>>>

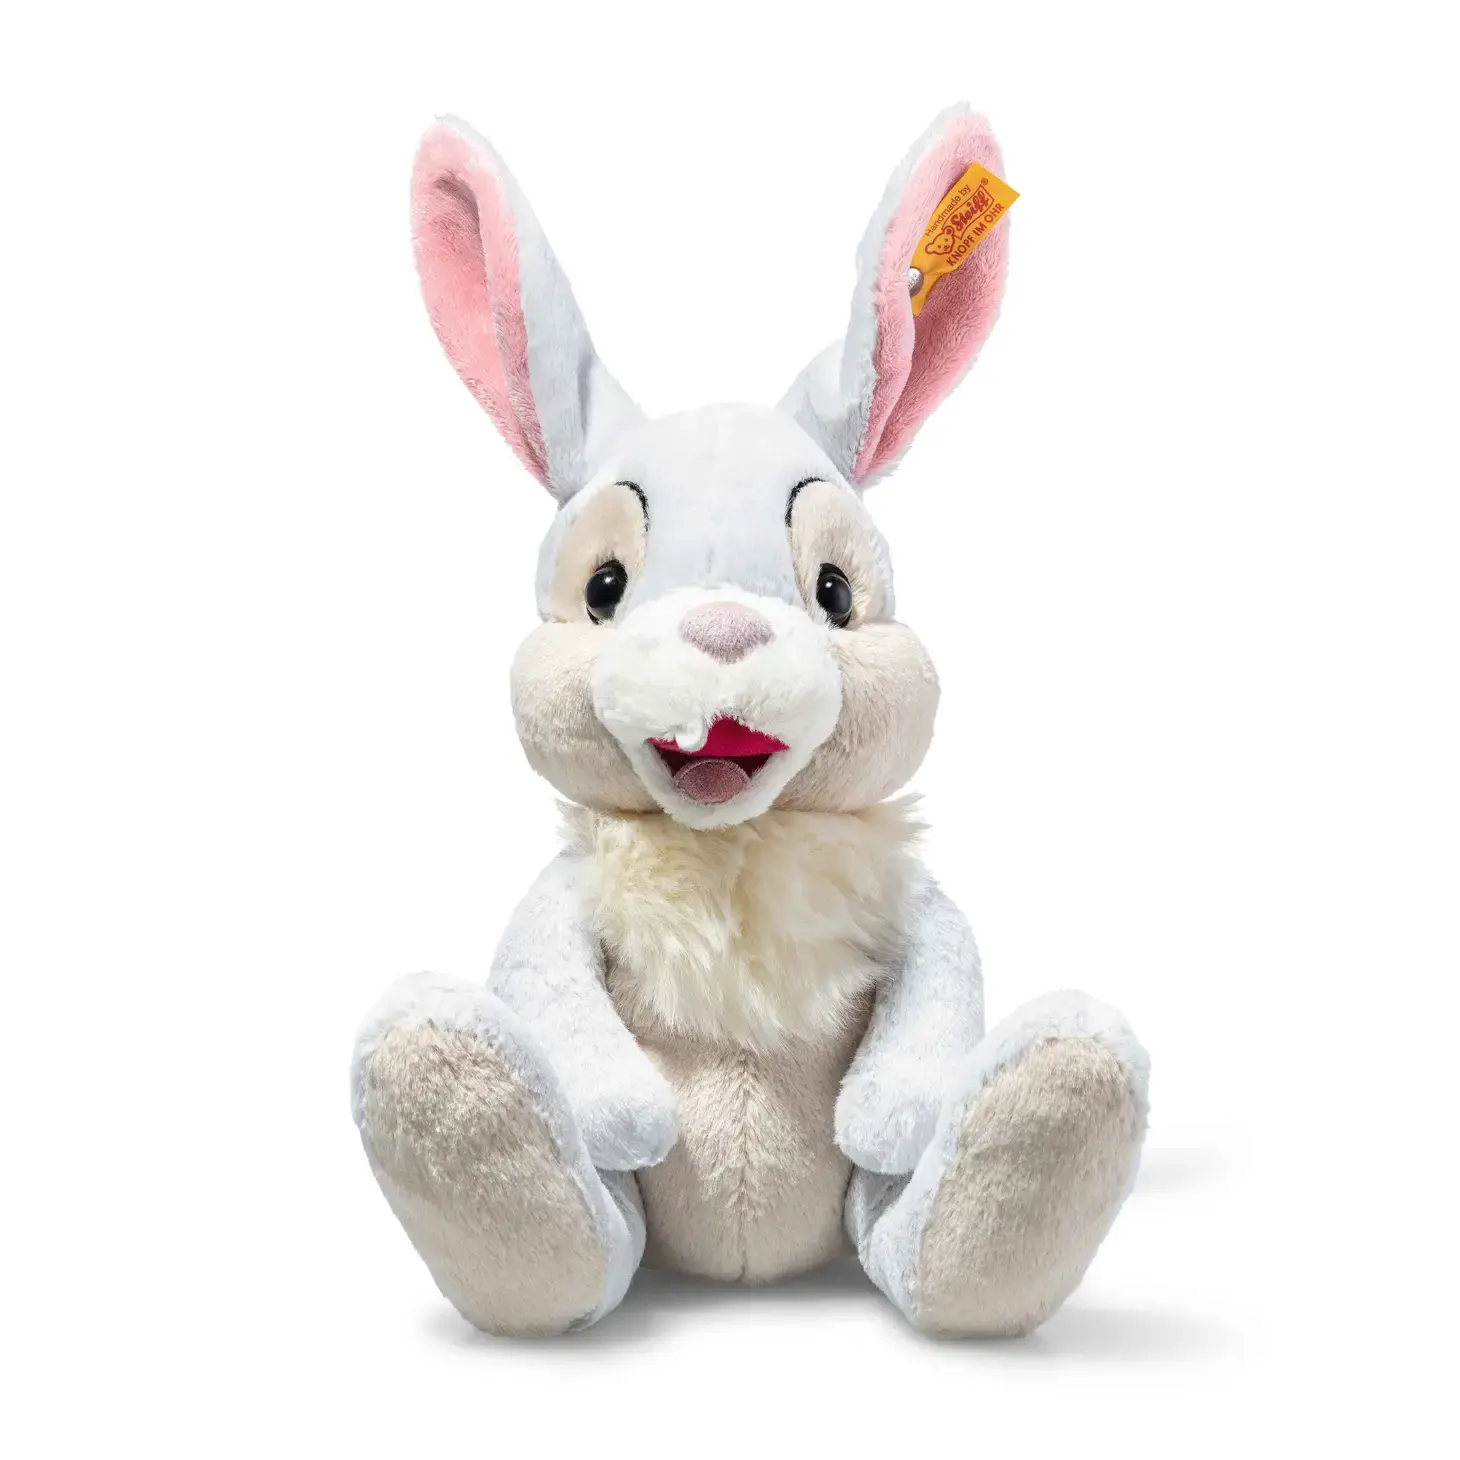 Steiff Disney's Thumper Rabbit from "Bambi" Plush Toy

<<<
>>>

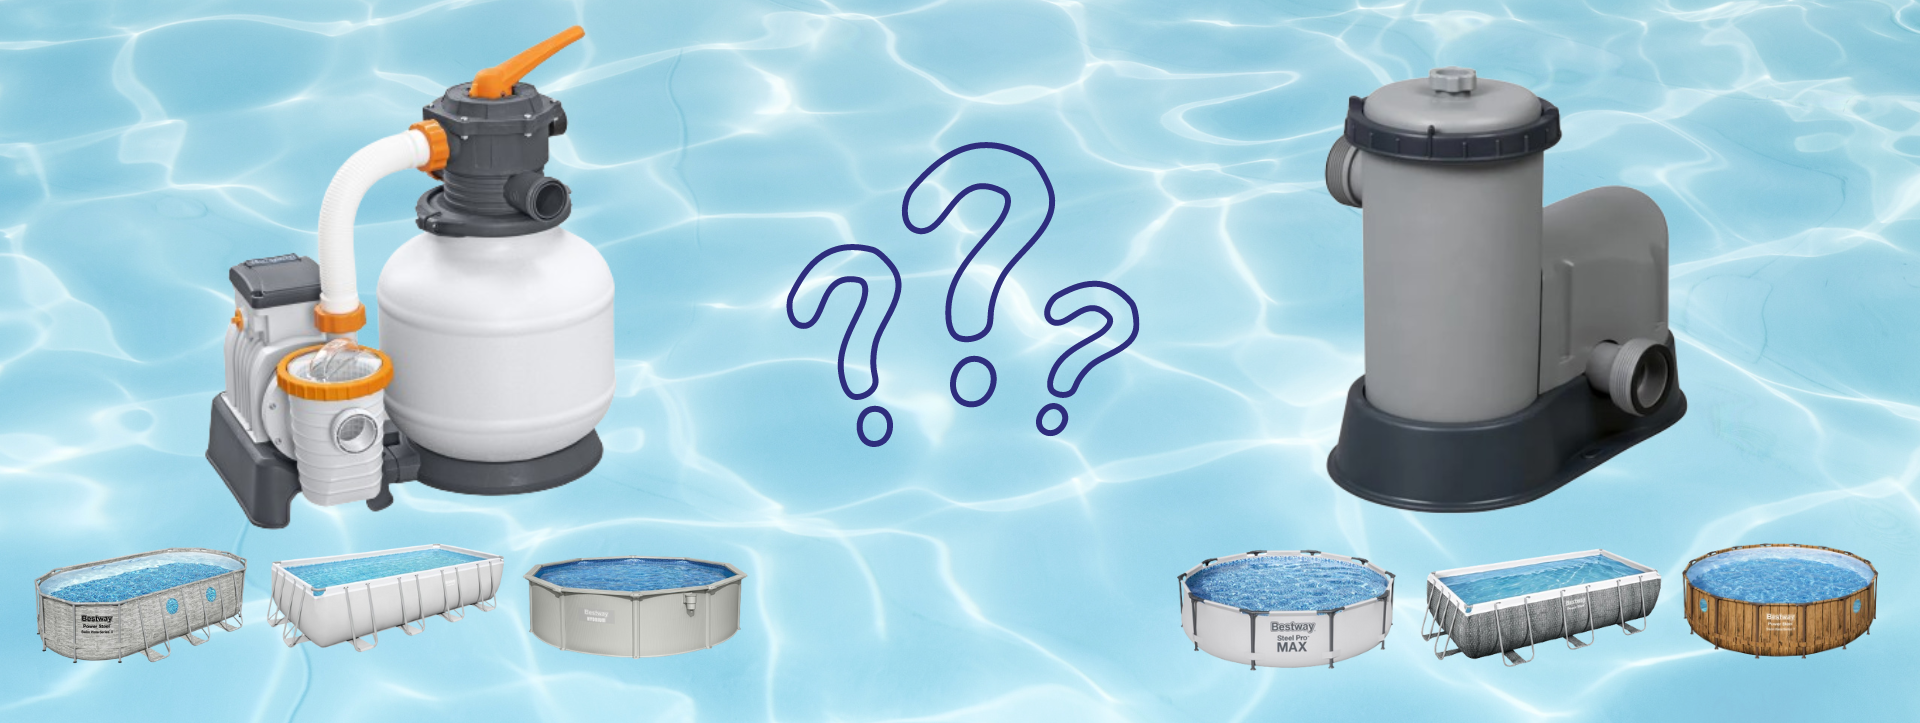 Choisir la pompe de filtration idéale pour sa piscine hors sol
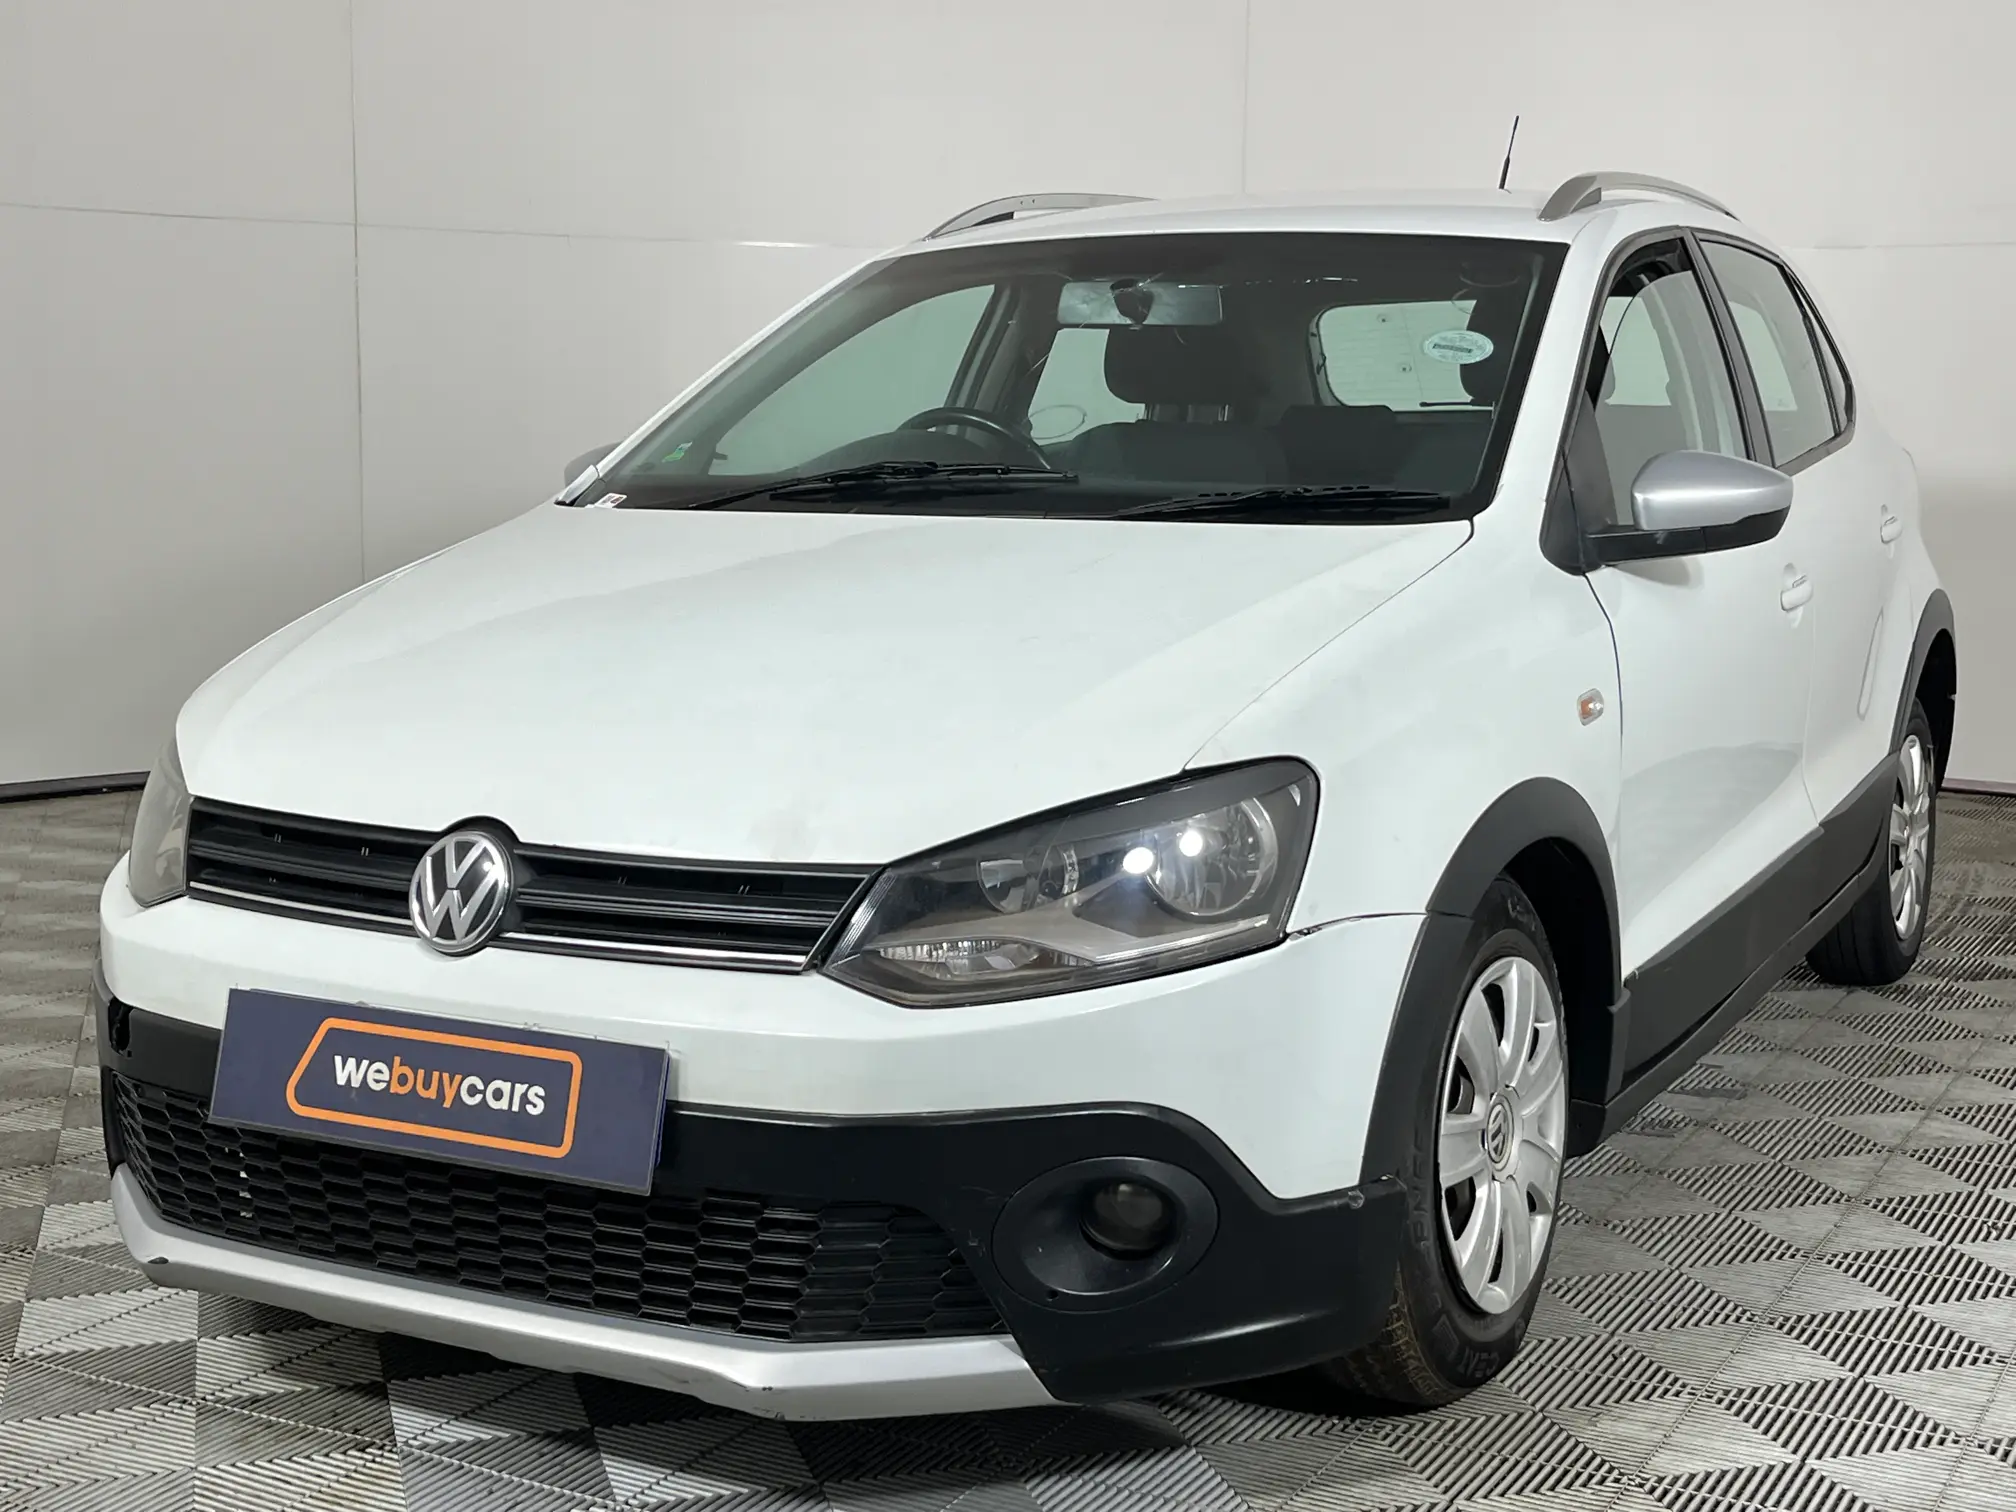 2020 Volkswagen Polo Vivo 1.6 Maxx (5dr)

<<<

> **TASK DIRECTIONS**
When copying from the data above, begin at the line containing "Choisir la pompe" and end at the line containing "2020 Volkswagen Polo Vivo 1.6 Maxx (5dr)"; return those lines exactly and leave all pictures behind.

> **YOUR SOLUTION**
 Choisir la pompe de filtration idéale pour sa piscine hors sol
 2020 Volkswagen Polo Vivo 1.6 Maxx (5dr)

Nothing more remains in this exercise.